Posted: Dec 2, 2021 15:39 GMT
The development of the algae that produces limestone in the ocean observes the same cycles that the axis of our planet undergoes and its rotation around the Sun, a scientific team determined.
The unicellular algae that inhabit the oceans and turn into limestone after their death, undergoing a phase of coccolith microfossil, undergo a cyclical evolution that a group of researchers from France has linked to the orbital variations of our planet.
A cycle of change in the pattern of rotation around the Sun lasts 405,000 years, during which the Earth’s orbit stretches or becomes more elliptical (orbital eccentricity phenomenon) and then is rounded again. Another 100,000-year cycle affects both the eccentricity and the position of the planetary axis, a phenomenon that several previous studies linked to periods of ice age.
According to a statement from the French National Center for Scientific Research, their new study has revealed that when the Earth’s orbit is more circular or slightly eccentric, as in the present time, the equatorial regions of the planet experience little seasonal variation. Such a situation is advantageous for species such as algae called coccolithophores, which abound in the oceans without specializing, producing biodiversity.
On the contrary, as the eccentricity increases and more pronounced stations appear near the equator, the coccolithophores need a better adaptation to the extreme conditions and therefore diversify into many specialized speciesBut overall they end up producing less limestone.

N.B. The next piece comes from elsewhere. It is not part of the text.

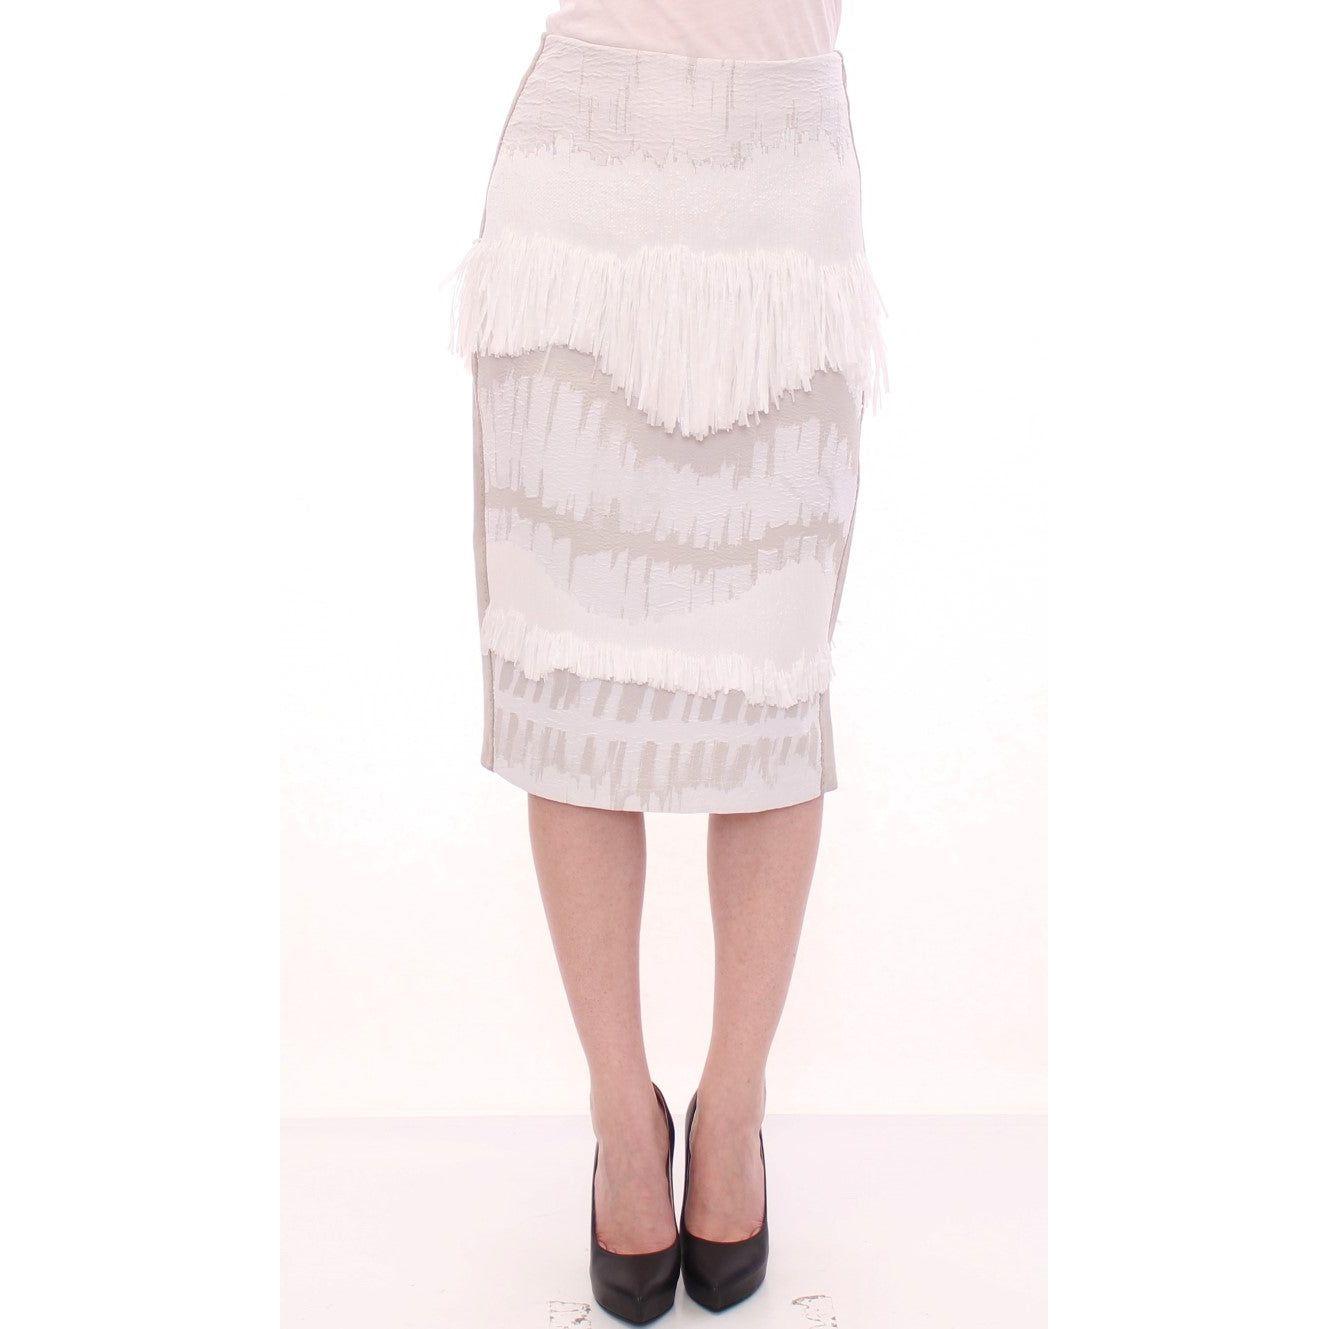 Arzu Kaprol Elegant Pencil Skirt in White and Gray Tones white-acrylic-straight-pencil-skirt 149709-white-acrylic-straight-pencil-skirt.jpg

The research focused on the analysis of samples of this sedimentary rock with numerous fossilized microorganisms inside. The scientists applied an automated method of microscopy and artificial intelligence to at least 9 million coccoliths ages up to 2.8 million years.
The measurements showed that the small algae were exposed to cycles of approximately 100,000 and 400,000 years and their diversity and number as a function of changes on the cosmic scale.
“A greater diversity of ecological niches when seasonality is high leads to a greater number of species”, explain the scientists in an article published on December 1, in which they relate this fact to the adaptation that demonstrates “the coccolith size adjustment and the degree of calcification to thrive in new environments. “
The researchers also appreciate a relationship between the abundance cycles of microscopic algae and periodic climatic changes, but they reject that a more or less warm climate directly influences the proliferation of these unicellular organisms. On the contrary, they would be the ones who can alter the proportions of gases in the atmosphere and, therefore, set the pace of climatic variations, as they concluded.